Quase, quase a terminar, a exposição “Lisboa Clichê” é, por estes dias, um acontecimento incontornável no panorama cultural da cidade de Lisboa. A mostra reúne um conjunto de fotografias tiradas na capital entre o final da década de 1980 e o início dos anos 90, às quais Daniel Blaufuks regressou três décadas depois, perante a indelével e acelerada transformação da cidade. Durante o primeiro confinamento, o artista começou por publicar algumas destas fotografias nas suas redes sociais, o que evoluiu para a construção de uma página de Instagram com o título que deu o mote para esta exposição, partilhando, entre março e outubro de 2020, imagens e textos de espaços, ambientes e pessoas de uma Lisboa já parcialmente desaparecida. Três centenas dessas fotografias formam o corpo de um livro publicado em Setembro de 2021 pela editora Tinta-da-china e, destas, oitenta estão expostas até amanhã no Palácio Pimenta - Museu de Lisboa, ao Campo Grande.
“Lisboa Clichê” pode ser visto como o prenúncio de uma Lisboa mais cosmopolita, mais arejada, dando lugar a tempos de maior prosperidade e afirmação nacional e internacional. Conferindo às imagens um certo ar de clichê, são inúmeros os detalhes que marcam uma época e um tempo que, sabemo-lo bem, não volta. Perante as imagens de Blaufuks, distinguimos com nitidez o que é passado do que é presente, num exercício que nos leva mais longe, ao reconhecimento das alterações que vieram modelar os nossos interesses e vontades. Mas é incontornável não percebermos numa crescente massificação a causa directa da perda de um conjunto de marcos identitários que conferiam aos mais variados espaços a aura poética, que o artista evoca e partilha, de uma outra época, de uma outra Lisboa, «a nossa Alexandria», nas suas palavras.

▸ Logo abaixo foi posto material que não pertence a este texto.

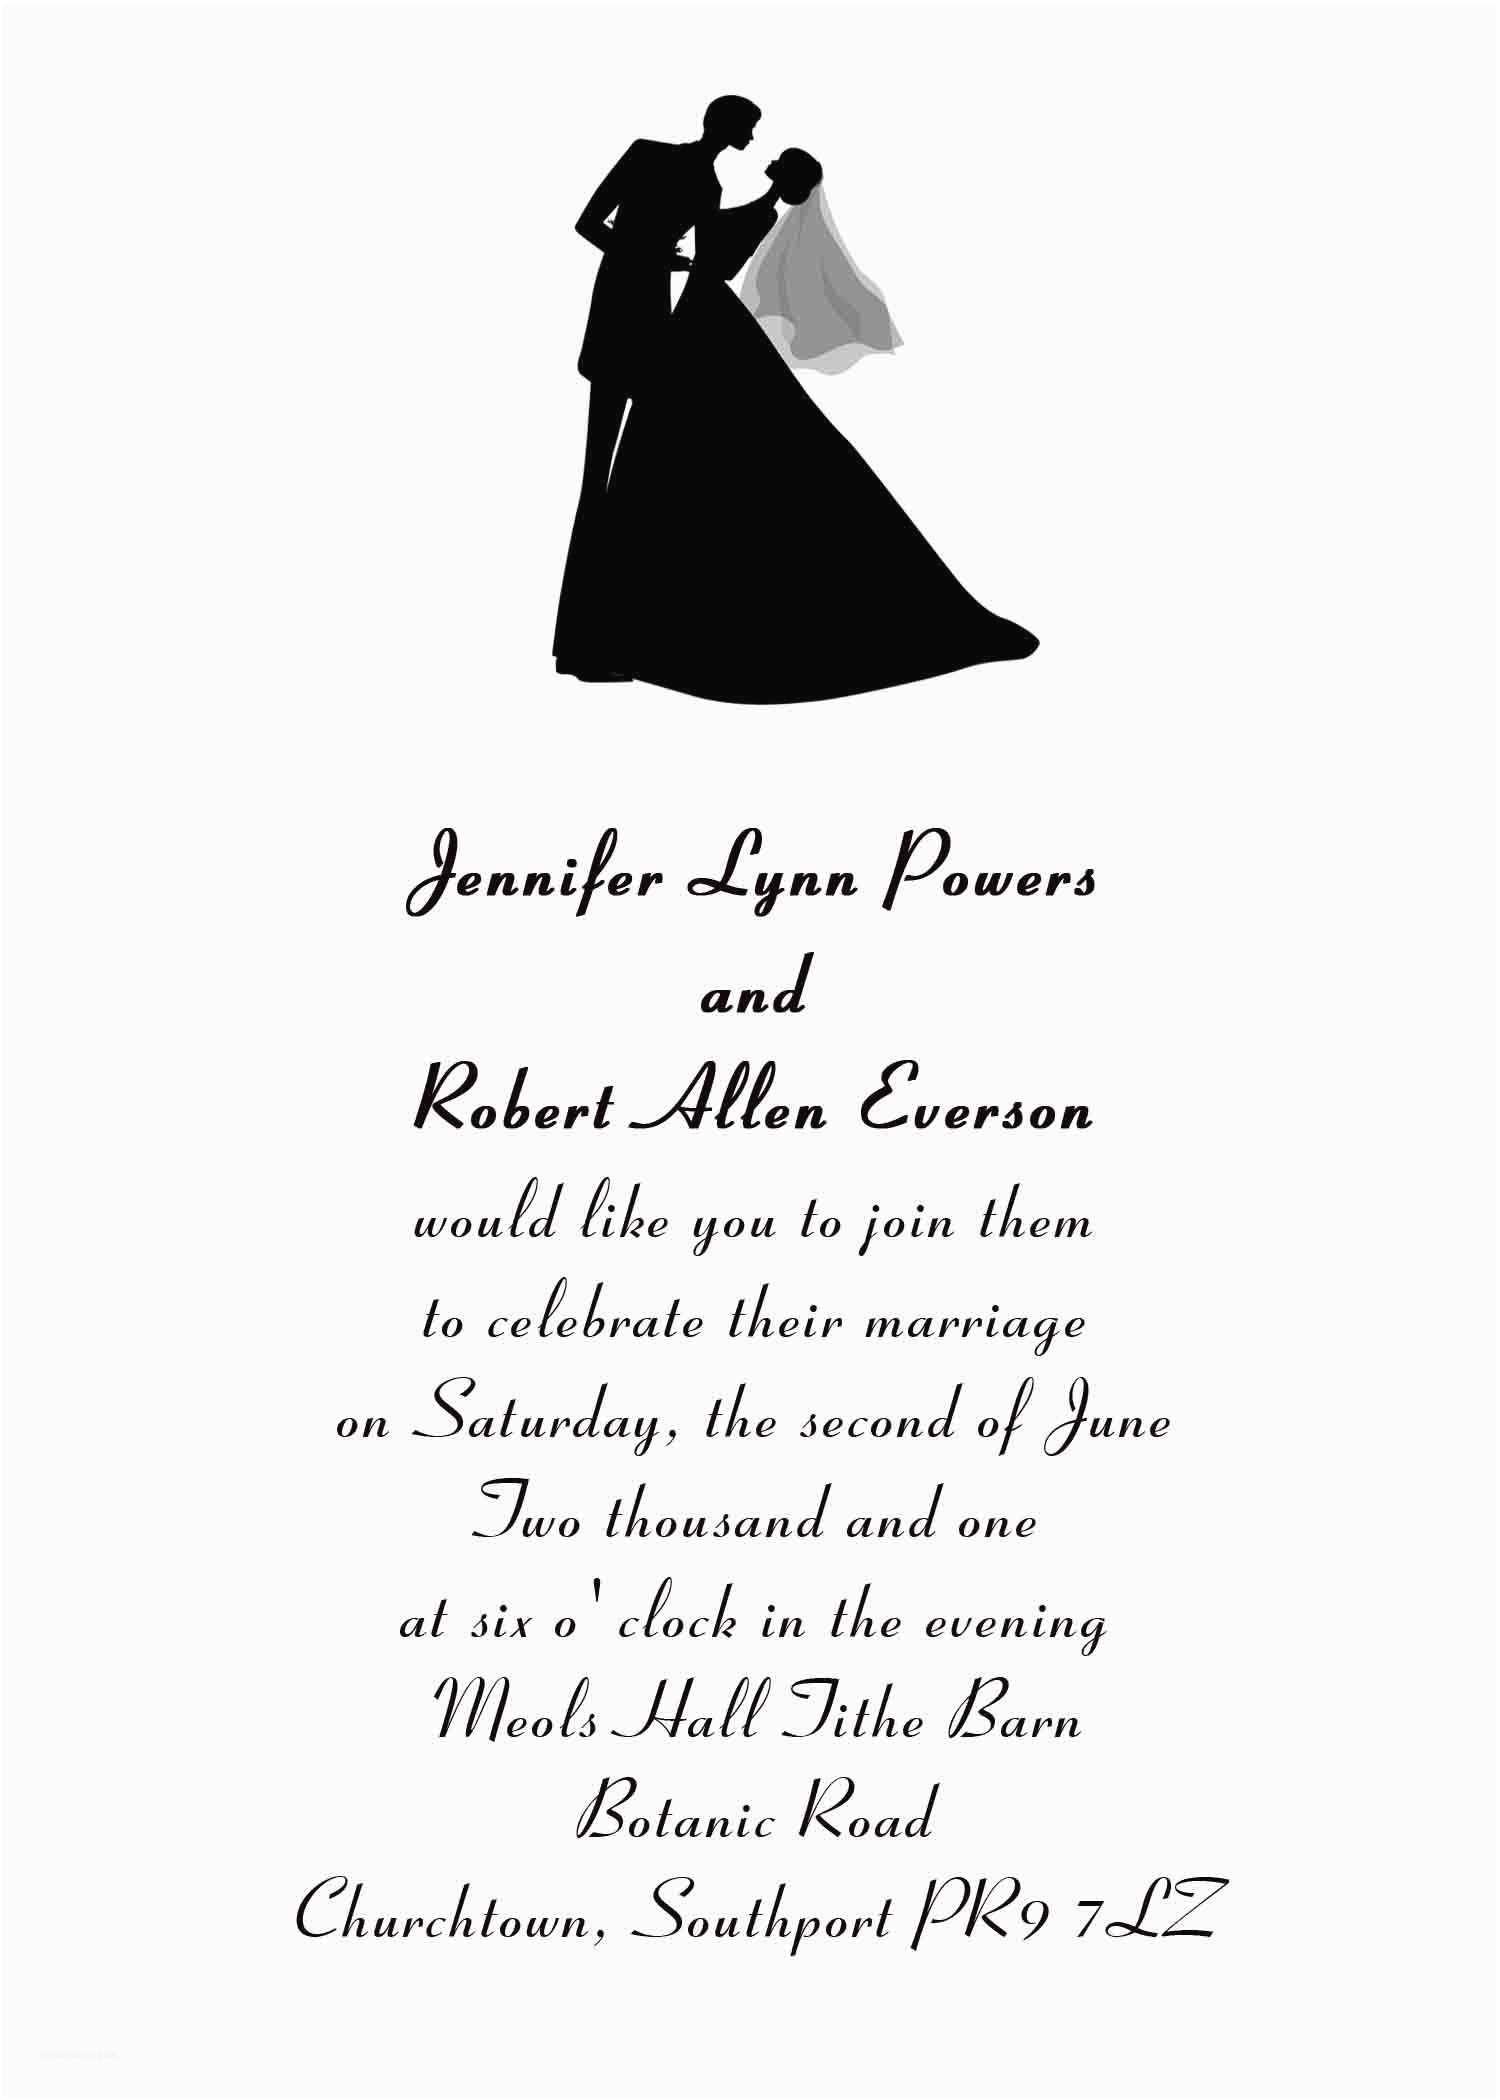 Wedding Invitation Phrases for Friends Wedding Invitation Quotes for Friends Cards Unique Lovable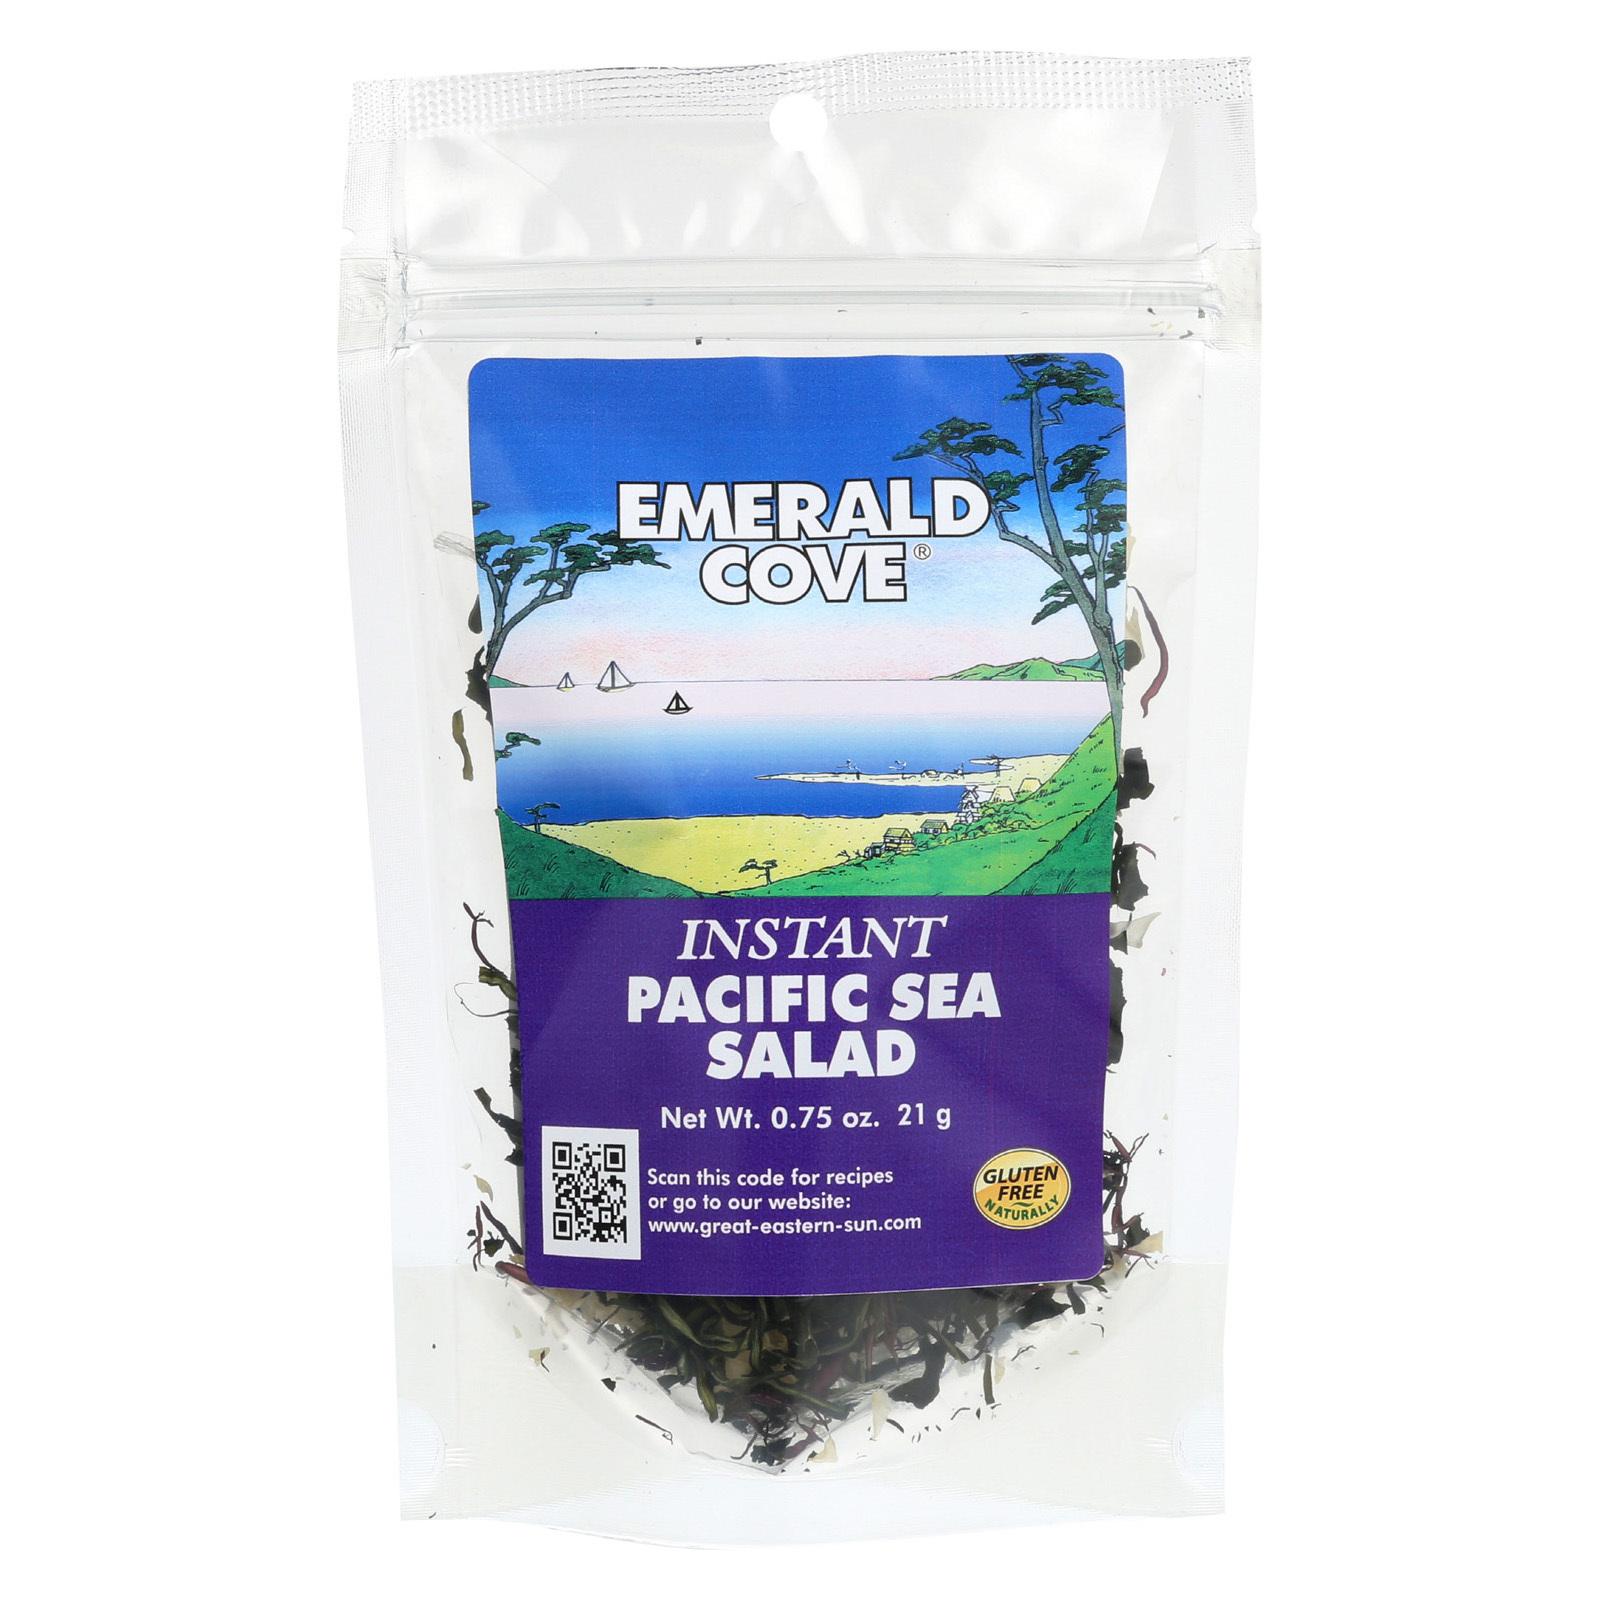 Emerald Cove Instant Pacific Sea Salad - Sea Vegetable - Case of 6 - .75 oz

À força que se derrama do lado documental da fotografia de Daniel Blaufuks, junta-se a sua arte de captar o momento na sua essência, carregando de força e emoção cada uma das imagens. Nos rostos, como nas poses dos retratados, é particularmente significativo o contraste entre aqueles que carregam ainda essa espécie de fado que as “águas passadas” do 25 de Abril adensaram e os que vêem o futuro carregado de oportunidades, uns e outros cientes de que está em curso um processo que irá mudar o rosto à cidade e que, muito em breve, nada será como dantes. É com isto em mente que vemos desfilar, ante o nosso olhar, lugares que reconhecemos e pessoas que nos são queridas, uns e outras tão diferentes, justos contrapontos de um tempo cuja marcha inexorável não se detém. Não há saudosismo nas imagens de Daniel Blaufuks. Há, isso sim, a consciência do que fomos e do que somos, o que é meio caminho andado para entender e abraçar o futuro.